How to make your own

You can build a usable version in about ten minutes.

  1. Brainstorm freely. Write down everything that reliably makes you feel a little better, without judging it.
  2. Cut the ones with a hangover. Be honest about which “treats” leave you worse off after: the doomscroll, the third coffee, the thing that triggers regret. Those are not on the menu.
  3. Sort what is left into the five sections: starters, mains, sides, desserts, and specials.
  4. Put time estimates next to them. “Walk, 20 min” is far easier to choose than “walk.”
  5. Make it visible. A note on the wall, a pinned file, a card on your desk. A menu you cannot find when you are low is not a menu.

That is the whole thing. You are not building a system, you are leaving instructions for the version of you who has none left.

A few rules that keep it useful

A couple of things I learned the hard way. Keep the starters genuinely tiny, because the entire point is to be doable when nothing feels doable. Refresh it every so often, because what gives you dopamine drifts over time, and a stale menu stops working.
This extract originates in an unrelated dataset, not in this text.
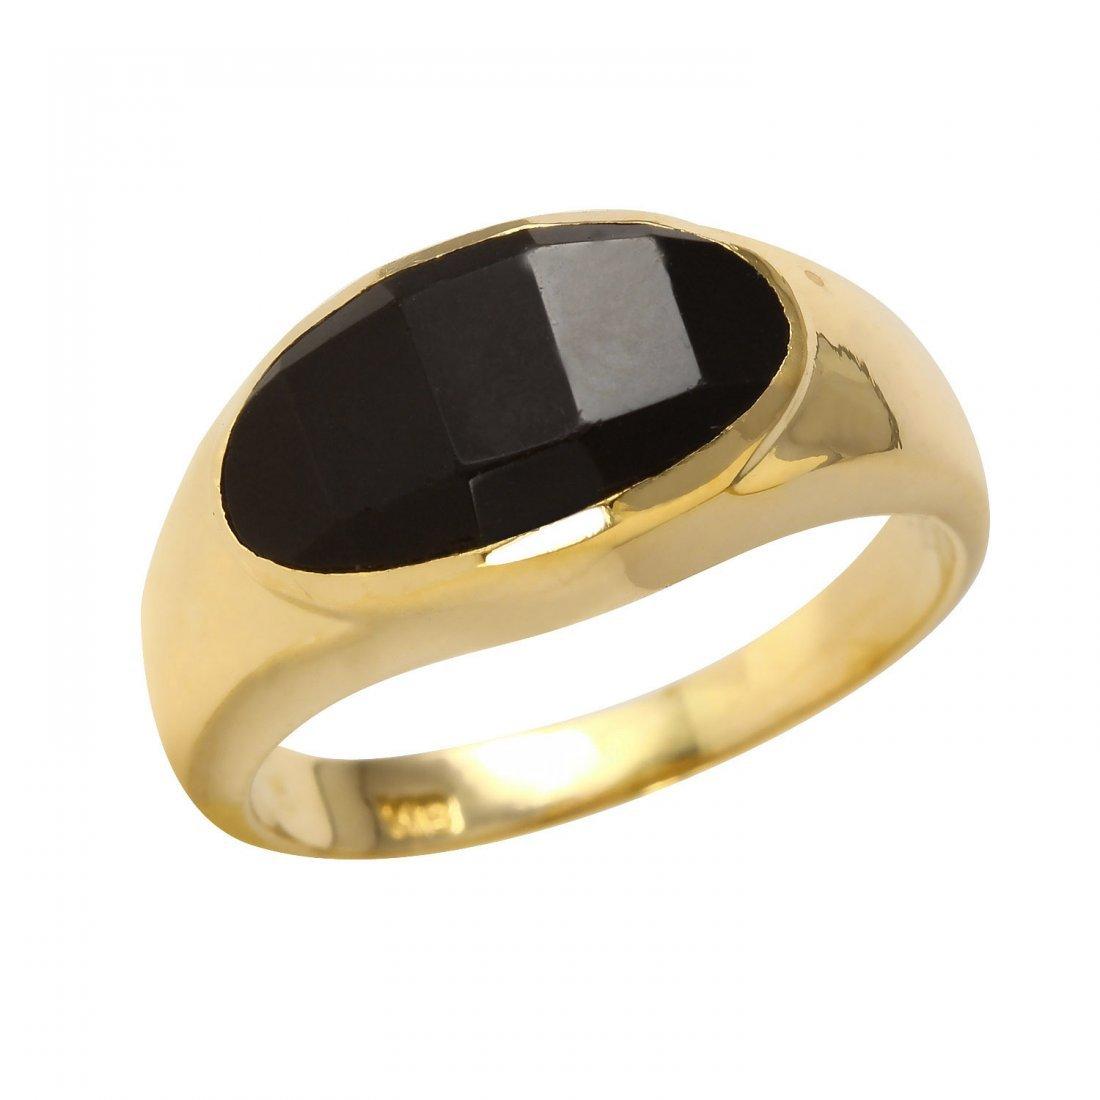 Ladies Onyx 18k Yellow Gold Ring

And do not aim for an aesthetic masterpiece. Mine is an ugly plain-text list, and the ugliness is part of why I actually keep it updated.

The bigger point

I build focus and habit tools for a living, things like Mana, a focus app, and Habitual, a habit tracker built around a journey instead of a guilt-trip. And the longer I do it, the more convinced I am that the tools that actually help are the boring, low-friction ones that meet you on your worst day, not your best.

A dopamine menu is exactly that kind of tool. It does not demand discipline you do not have in the moment. It just makes starting a little easier, and on the days when starting is the whole problem, that is enough. If you want the deeper version of the concept, ADDitude’s dopamine menu explainer is a good place to start.

If you want to go deeper on the tools side, I have written about why standard habit trackers fail, rounded up the best gamified habit trackers, and sorted the best apps for ADHD by the problem they solve.

If you try one, keep it ugly, keep it visible, and let the starters be small. That is the part that makes it work.